最低彼氏にはさよならがお似合い
「あ!水瀬さん」
その声を聞き留めたらしく、こっちを見て少し笑ってやつは片手をあげた。
それに反応を返さないことにして、焼酎を注ぐと同時に自然と視線を外したけど。
「相変わらず、水瀬はモテるね」
それをあなたが言いますか、相川さん。
「いいんですか、平野さんほっといて」
「ん?彼女、水瀬と知り合いっぽいから。
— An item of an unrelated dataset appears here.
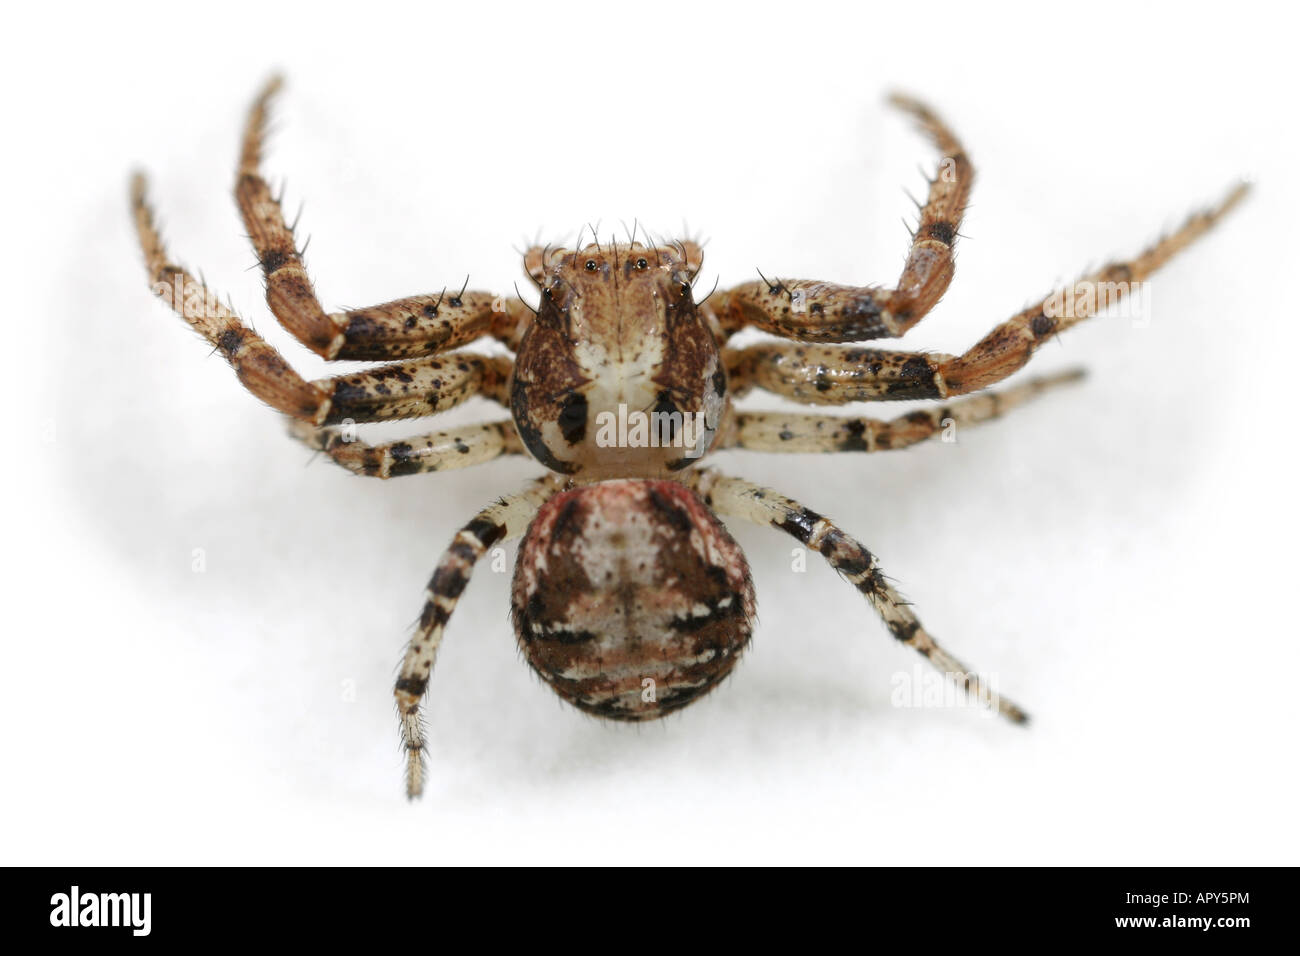 A female Crab spider - Xysticus audax. Thomisidae family.  On white background. Stock Photo

ほら」
指差す先を見れば、僅かに潜まった喧騒の中、対称的な表情を浮かべる二人がいた。
困惑の水瀬と喜色満面の平野さん。
けれども、抱きつく平野さんを引き剥がさないところからして、結構仲がいいんだろう。
水瀬はいつもなら、同僚や後輩相手には 然り気無く、相手に不信感や嫌な思いをさせないように振り払うから。
「……元カノ、とか」
意味深に、どこか愉しそうに笑みを含んでぽつりと呟いた、相川さんの声を拾った肉食系女性陣が、飛びついてきた。
「やっぱり、そういう関係なのかしらね」
「えーでも、水瀬さん好きな人いるって言ってましたよー?」
「もしかしたらそれが平野さんなのかもね」
「別れたけど忘れられないってやつですか!」
「水瀬さんそういうタイプに見えないけどなあ」
「甘いわね、ああいう男の方が実は素が甘えただったりするんだから」
「先輩もそういう人と付き合ったことあるんですかー?」
「そんなこともあったわねぇ」
「……」
そのマシンガントークに、なぜか混ざった相川さんにため息をはき、徳利をあおった。